Margot

ROBIN Fanny, VAUTE Delphine

L’indicible est suggéré en images oniriques et en phrases suspendues. « Elle a les yeux bleus, Margot » dit le narrateur de cette étrange histoire dans un monologue qui instille l’inquiétude au fil des pages. Dans les dernières lignes, l’inéluctable : « Tu disparais derrière l’horizon. » Voilà pour le récit : des phrases syncopées disent l’âge des enfants, leur insouciance, leur imprudence, l’affection qui les unit. L’émotion à gorge nouée est d’abord mise à distance par le jeu d’une écriture faussement impersonnelle ; le constat navré de la dernière phrase imposant la réalité rompt les digues.

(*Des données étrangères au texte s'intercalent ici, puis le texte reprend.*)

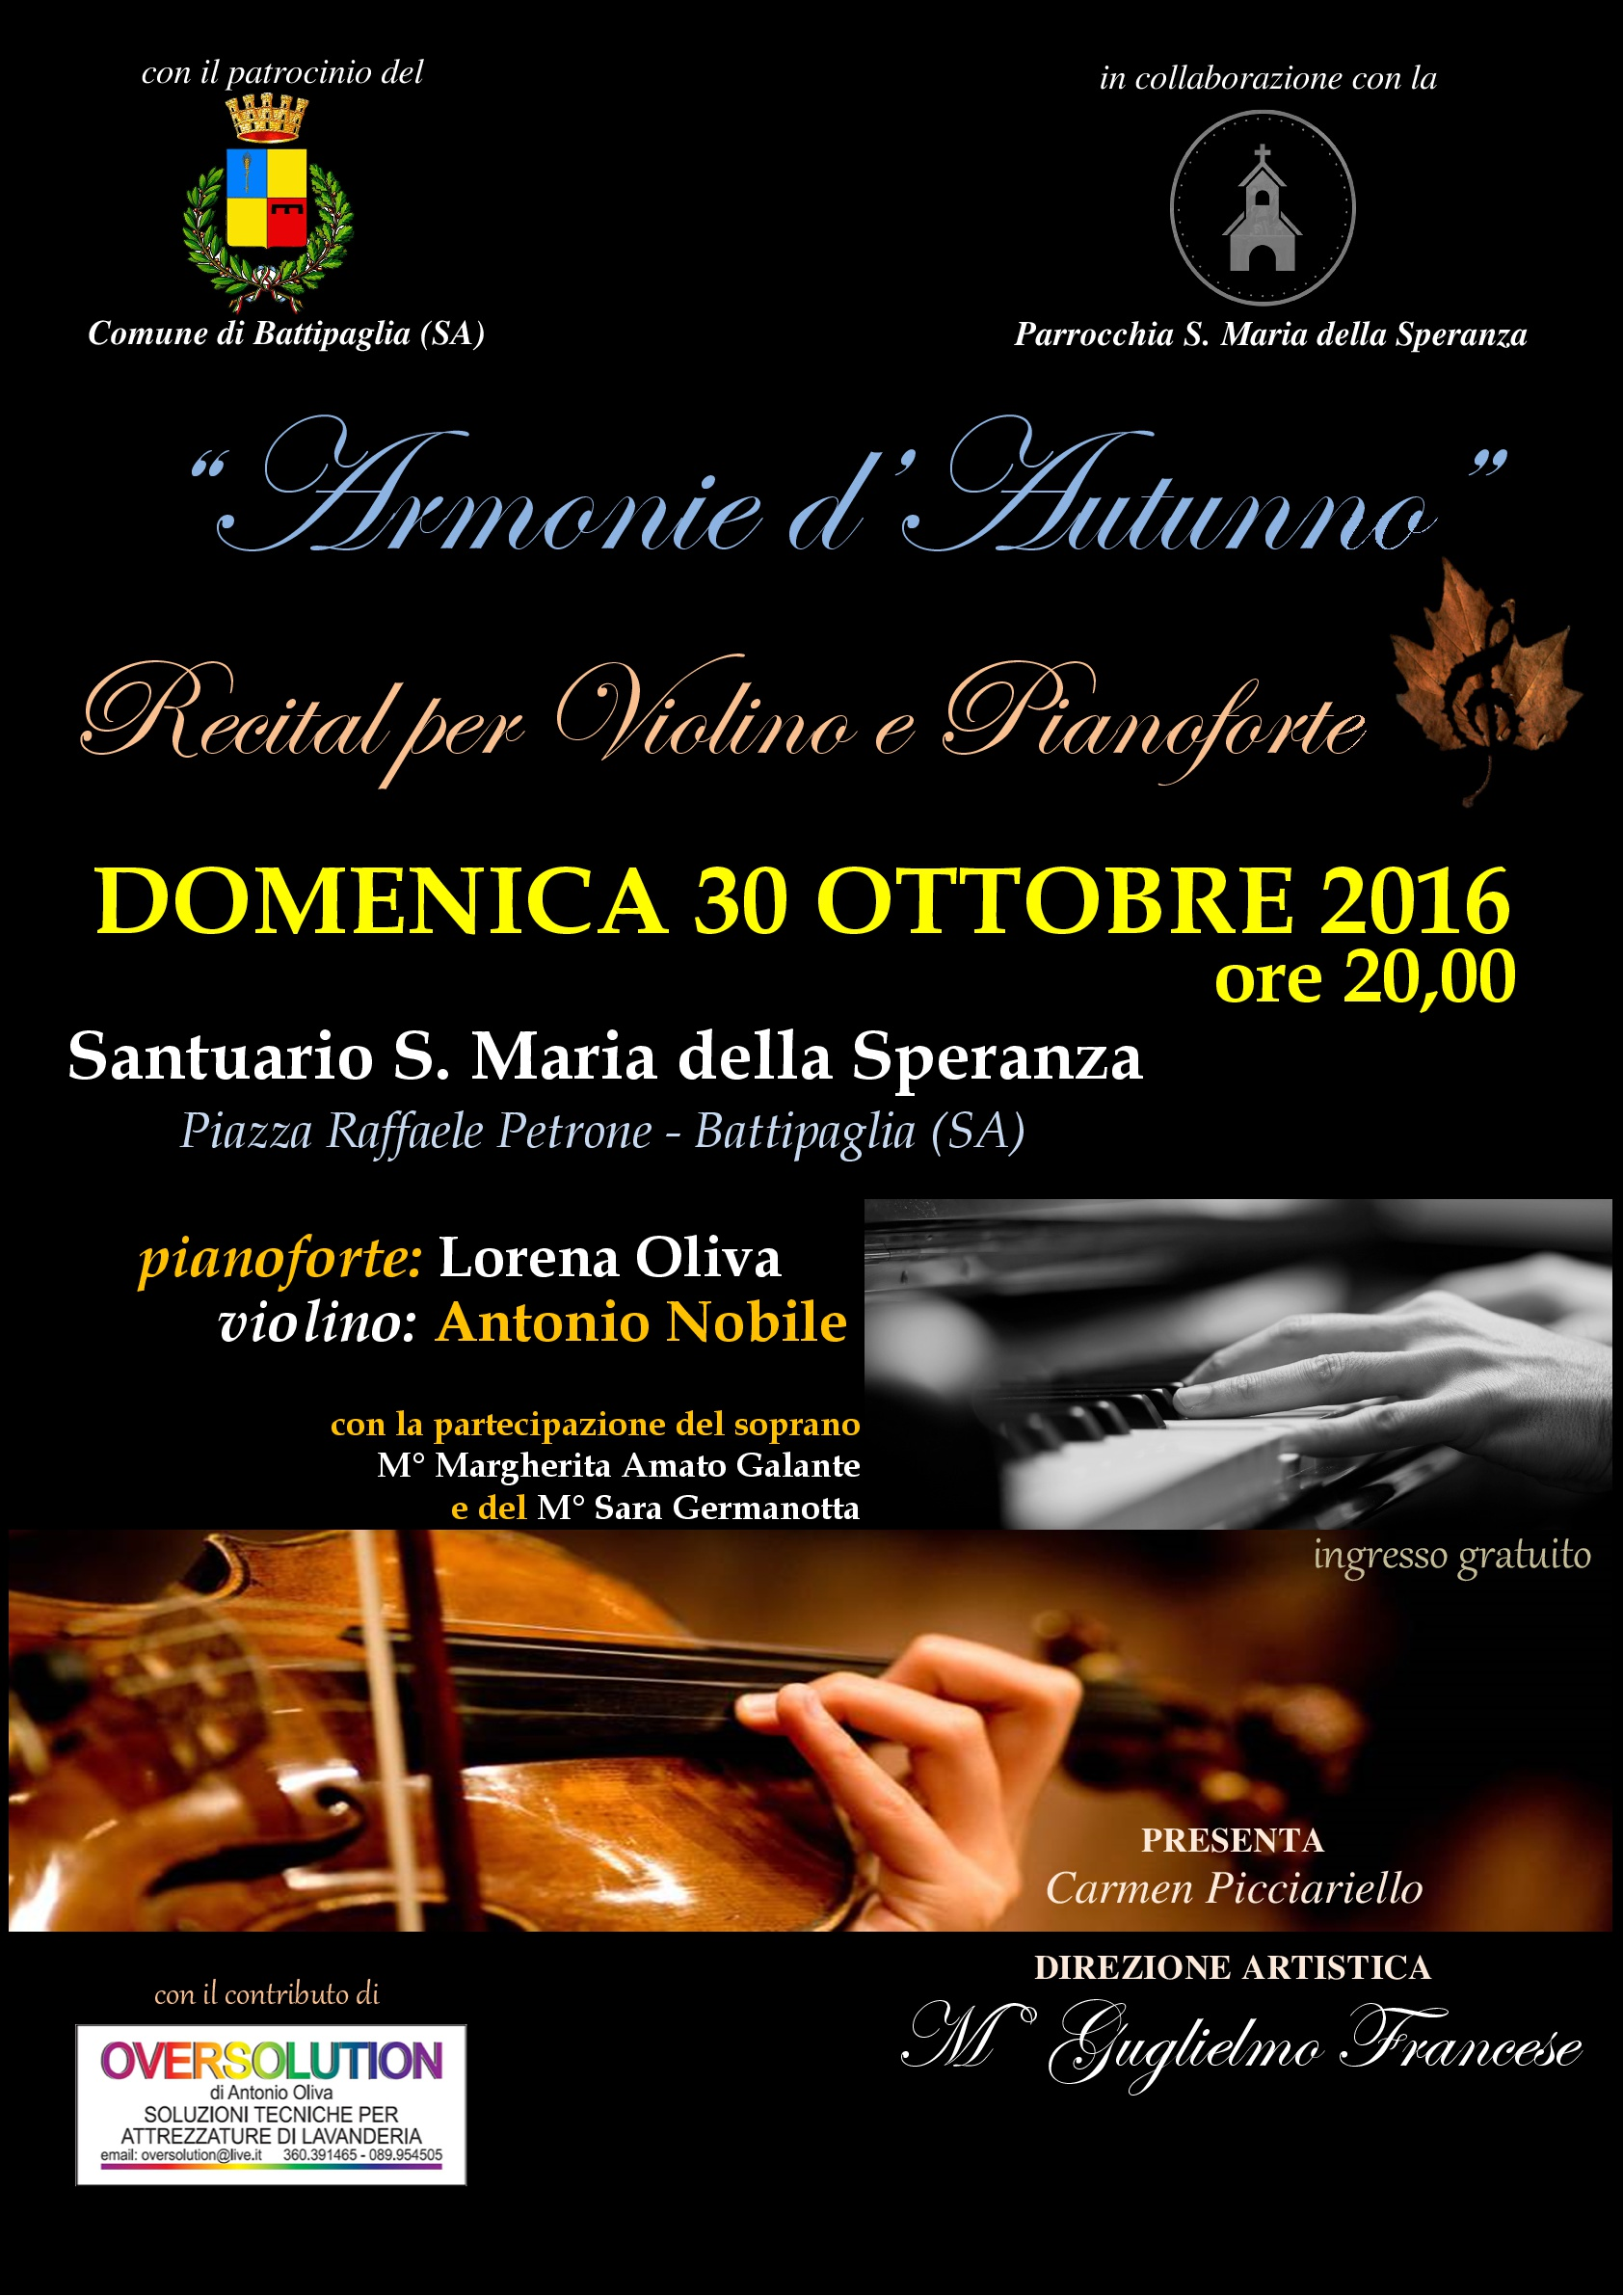 locandina-concerto-antonio nobile-lorena oliva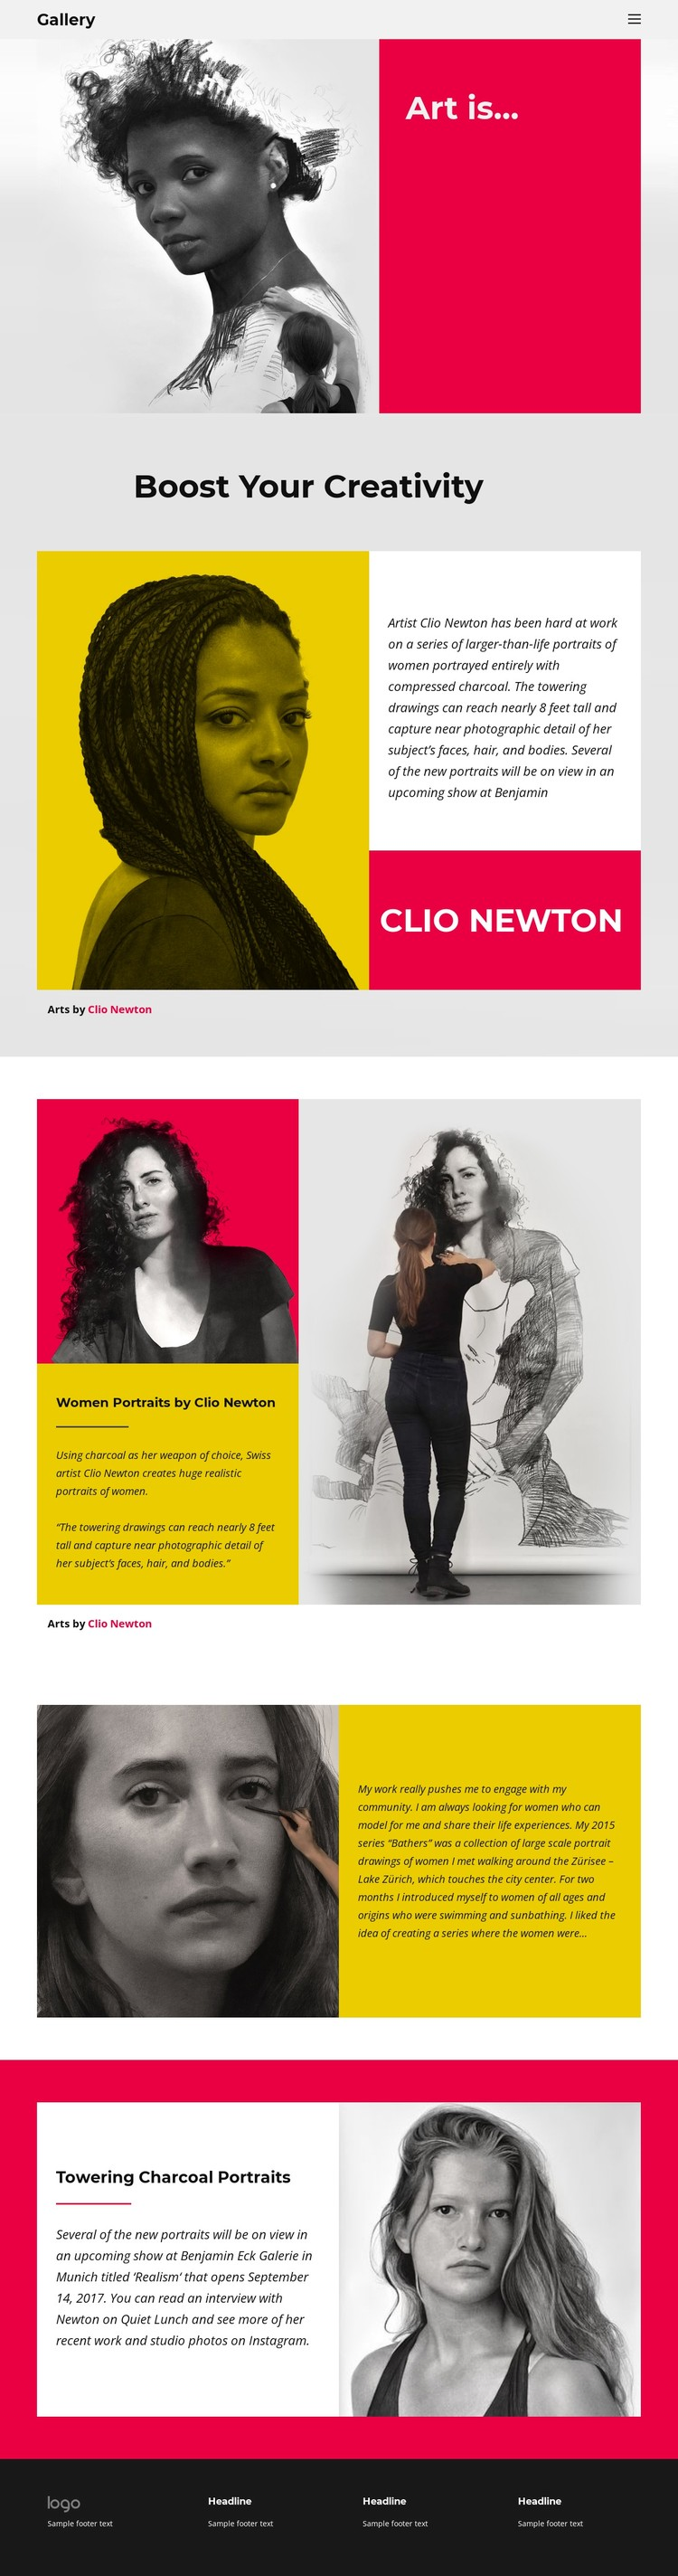 Charcoal Portraits WordPress Template

Cette Enfant de la haute mer à la manière de Supervielle, est dessinée d’un simple trait, dans une mise en scène déréalisée qui évite le pathos : seul le mouvement de la chevelure mouillée dessine l’immersion. Tel cadrage aussi qui inverse la perspective. Sans parler du bateau en papier, signe d’enfance et de fragilité. La force de cet album est dans le détail du texte et de l’image qui permettent à chacun de lire l’histoire qu’il peut entendre. « Petits arrangements avec la mort » qui nécessitent une lecture préalable de l’adulte.